Jane never did it again. That was the effect grandmother had on you, though she was so tiny and wrinkled . . . so tiny that lanky, long-legged Jane was almost as tall as she was.
Jane hated to be called Victoria. Yet everybody called her that, except mother, who called her Jane Victoria. Jane knew somehow that grandmother resented that . . . knew that for some reason unknown to her, grandmother hated the name of Jane. Jane liked it . . . always had liked it . . . always thought of herself as Jane. She understood that she had been named Victoria after grandmother, but she did not know where the Jane had come from. There were no Janes in the Kennedys or Andersons. In her eleventh year she had begun to suspect that it might have come from the Stuart side. And Jane was sorry for that, because she did not want to think she owed her favourite name to her father. Jane hated her father in so far as hatred could find place in a little heart that was not made for hating anybody, even grandmother. There were times Jane was afraid she did hate grandmother, which was dreadful, because grandmother was feeding and clothing and educating her. Jane knew she ought to love grandmother, but it seemed a very hard thing to do. Apparently mother found it easy; but, then, grandmother loved mother, which made a difference. Loved her as she loved nobody else in the world. And grandmother did not love Jane. Jane had always known that. And Jane felt, if she did not yet know, that grandmother did not like mother loving her so much.

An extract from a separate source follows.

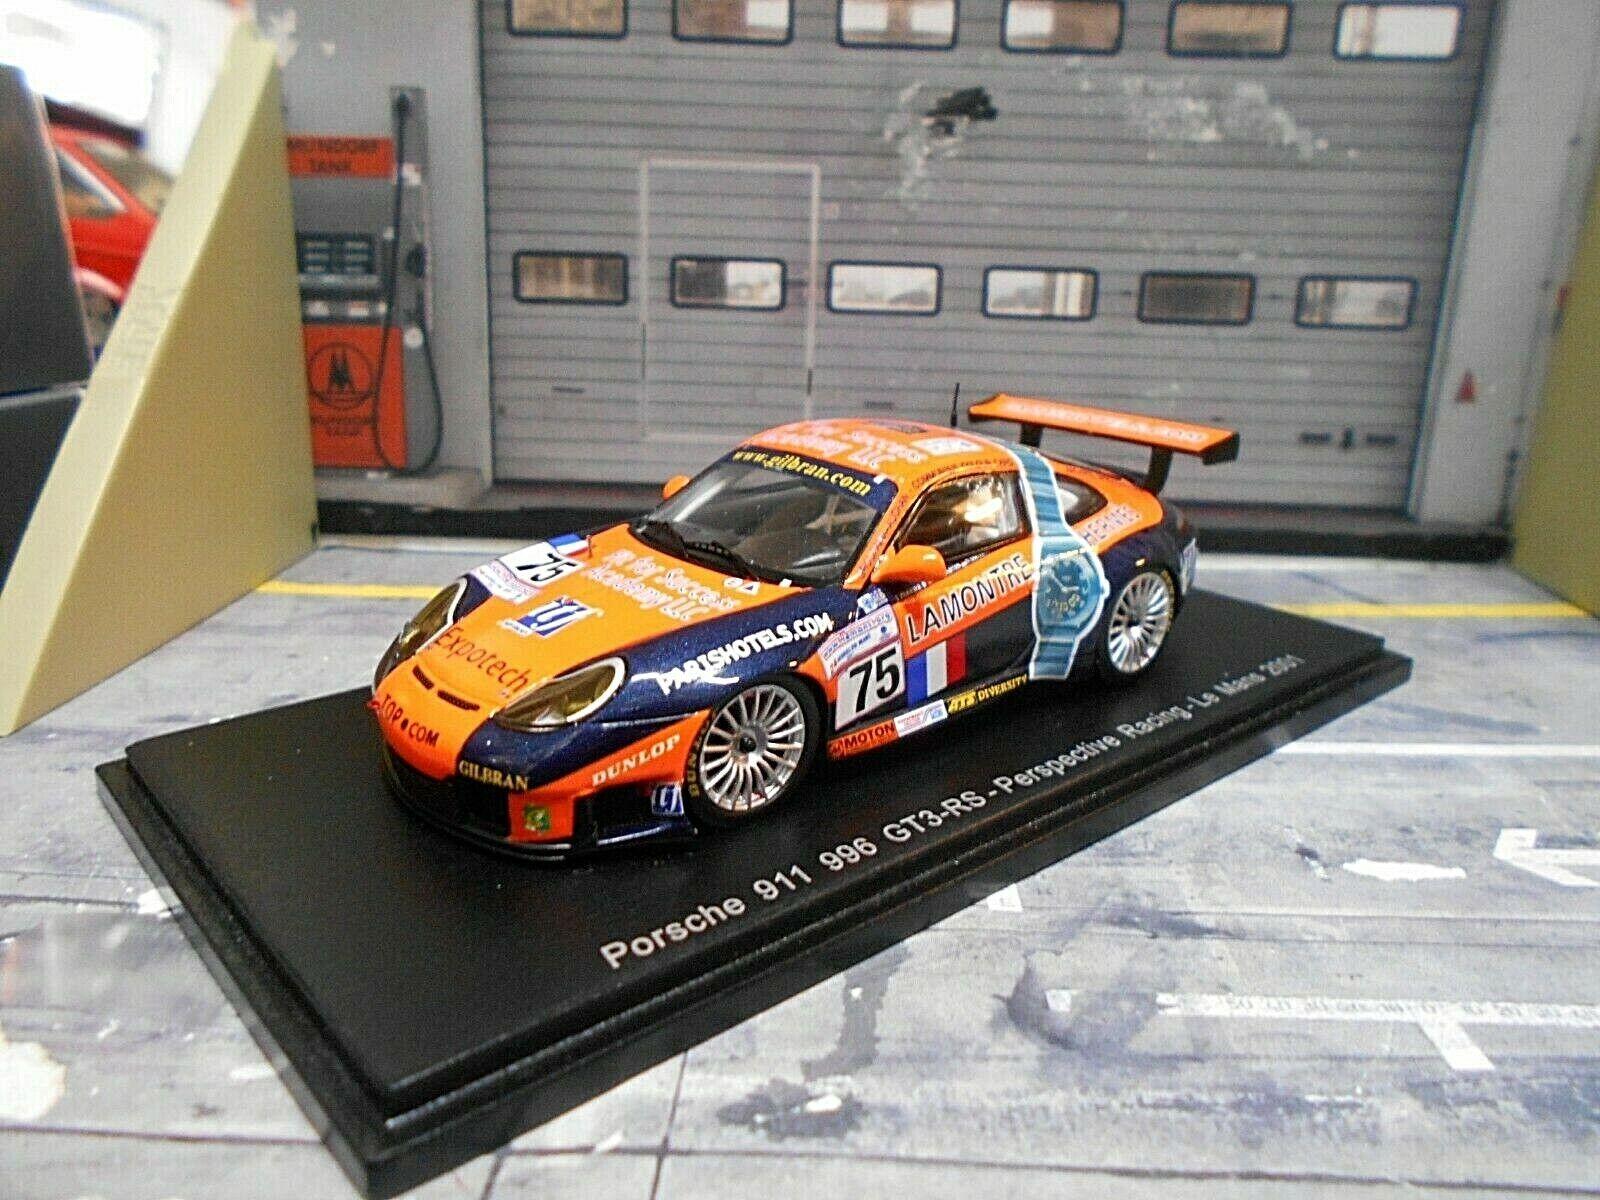 Porsche 911  996 GT3 RS 24h Le Mans  75 perspective 2001 La Montre Spark 1 43  qualité authentique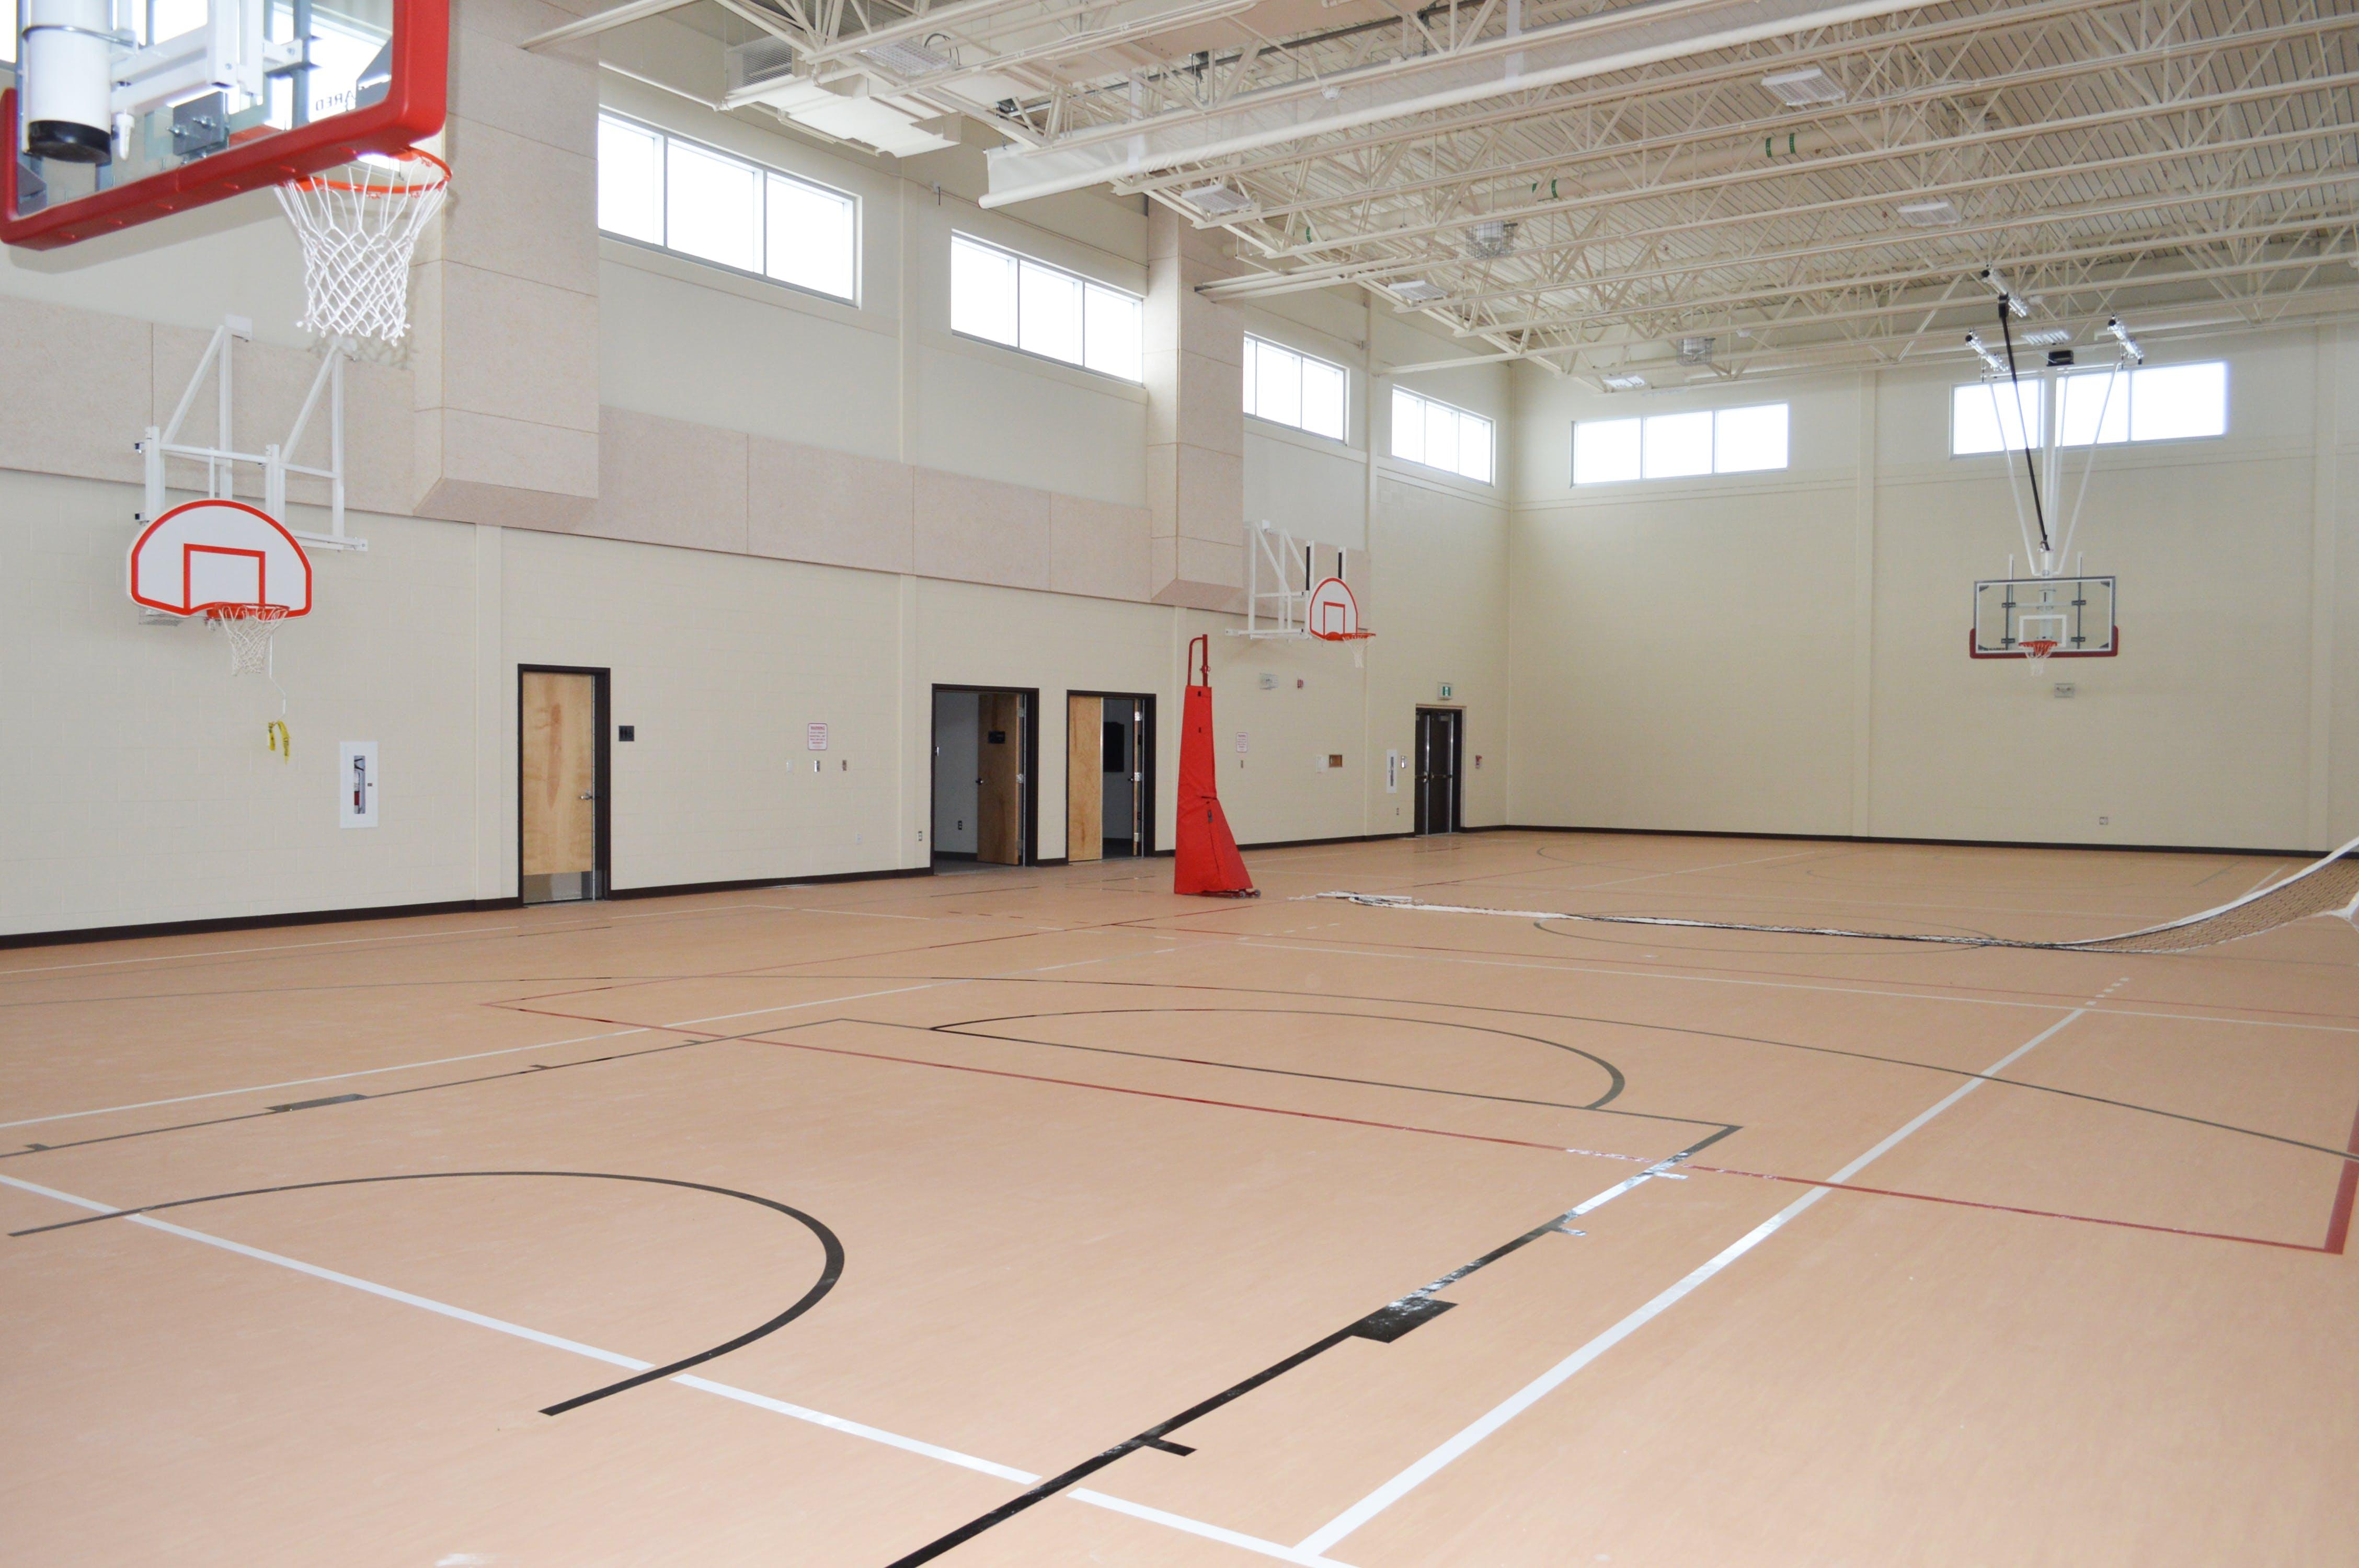 full sized gymnasium

"You fuss entirely too much about her," grandmother had once said contemptuously, when mother was worried about Jane's sore throat.
"She's all I have," said mother.
And then grandmother's old white face had flushed.
"I am nothing, I suppose," she said.
"Oh, mother, you know I didn't mean that," mother had said piteously, fluttering her hands in a way she had which always made Jane think of two little white butterflies. "I meant . . . I meant . . . she's my only child. . . ."
"And you love that child . . . his child . . . better than you love me!"
"Not better . . . only differently," said mother pleadingly.
"Ingrate!" said grandmother. It was only one word, but what venom she could put into a word. Then she had gone out of the room, still with that flush on her face and her pale blue eyes smouldering under her frosty hair.